Congress, the White House, and even the Vatican have voiced opinions in the Schiavo case. The Vatican said that her death would be like capital punishment for an innocent woman. Congress and President George Bush collaborated on a last-ditch effort to force the reinsertion of her feeding tube, but their efforts were refused in a series of state and federal court rulings. Protestors have streamed into Pinellas Park over the past few weeks when the story of Terri Schiavo began to become a national controversy. The numbers of protestors grew steadily as her ordeal lengthened and the battle waged by her family grew to epic proportions. Upon hearing that Terri had died, protestors gathered outside the hospice began praying, singing hymns, and hugging each other. One woman said, "Words cannot express the rage I feel. Is my heart broken for this? Yes."
Legislators in Florida's State House of Representatives observed a moment of silence upon hearing of Schiavo's death. Before asking the assembly to bow their heads, Dennis Bexley spoke to the group and said, "Terri Schiavo is now a martyr, and her death is not in vain. We do have a cultural crisis, and our public policy debate balancing our value of the right to die with dignity and our value for every human life, no matter their disability, is not resolved."
Florida’s Governor, Jeb Bush, offered condolences immediately upon hearing the news. "After an extraordinarily difficult and tragic journey, Terri Schiavo is at rest. Columba and I offer our condolences to Mr. and Mrs. Schindler, Bobby Schindler, Suzanne Vitadamo (Terri’s’ sister) and to all those who offered their prayers and support to Terri's family over these past weeks, months, and years," he said. "These prayers were not in vain." His statement pointedly omitted offering condolences to Terri’s husband, Michael, coldly making it clear that he disagreed with the court’s decision to allow Terri to die naturally, with dignity. "Many across our state and around the world are deeply grieved by the way Terri died," Bush said. "I feel that grief very sharply as well. I remain convinced, however, that Terri's death is a window through which we can see the many issues left unresolved in our families and in our society."

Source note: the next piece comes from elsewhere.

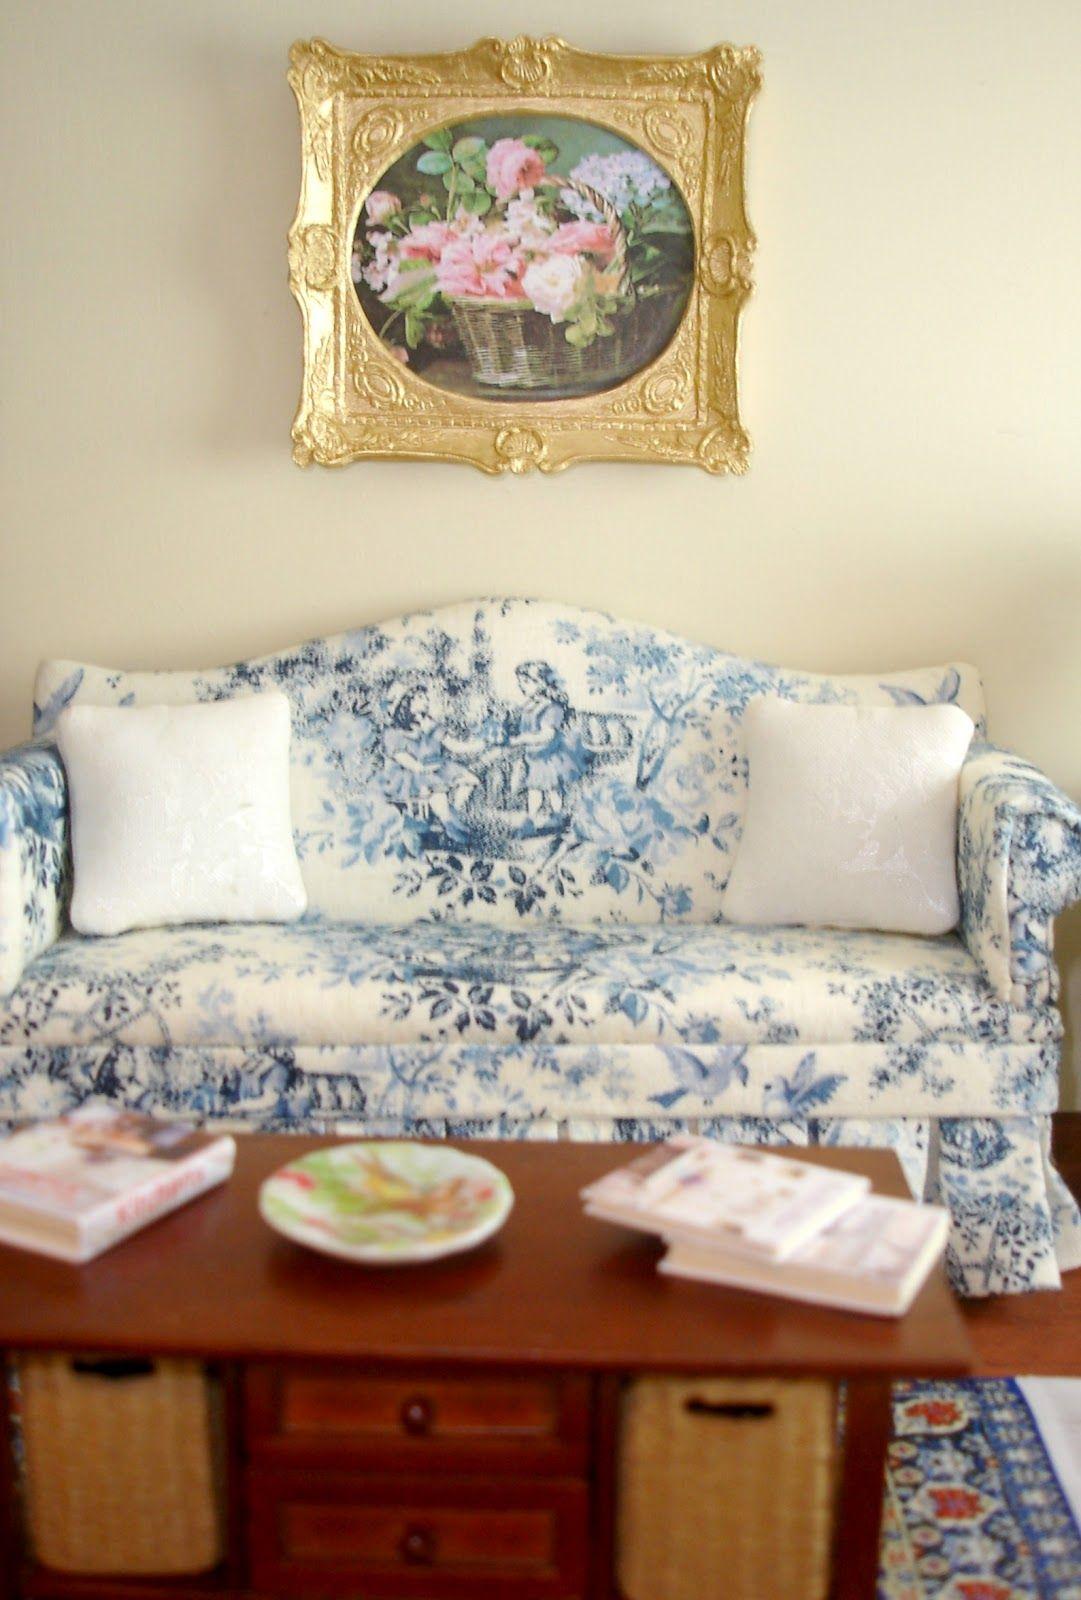 Peach Blossom Hill Toile de Jouy   Life in Miniature   Pinterest ...

His brother, President George W. Bush, was much more diplomatic and universal in his response to the news. The elder Bush said "millions of Americans are saddened" by Schiavo's death. Bush said he's urging those who honor Schiavo to "continue to build a culture of life" where all Americans are protected--"especially those who live at the mercy of others." He said in cases where there is serious doubt, "the presumption should be in favor of life."
Although the life of Terri Schiavo is now over, and her family can try to put their lives back together, the debate over the questions raised by her death will surely continue.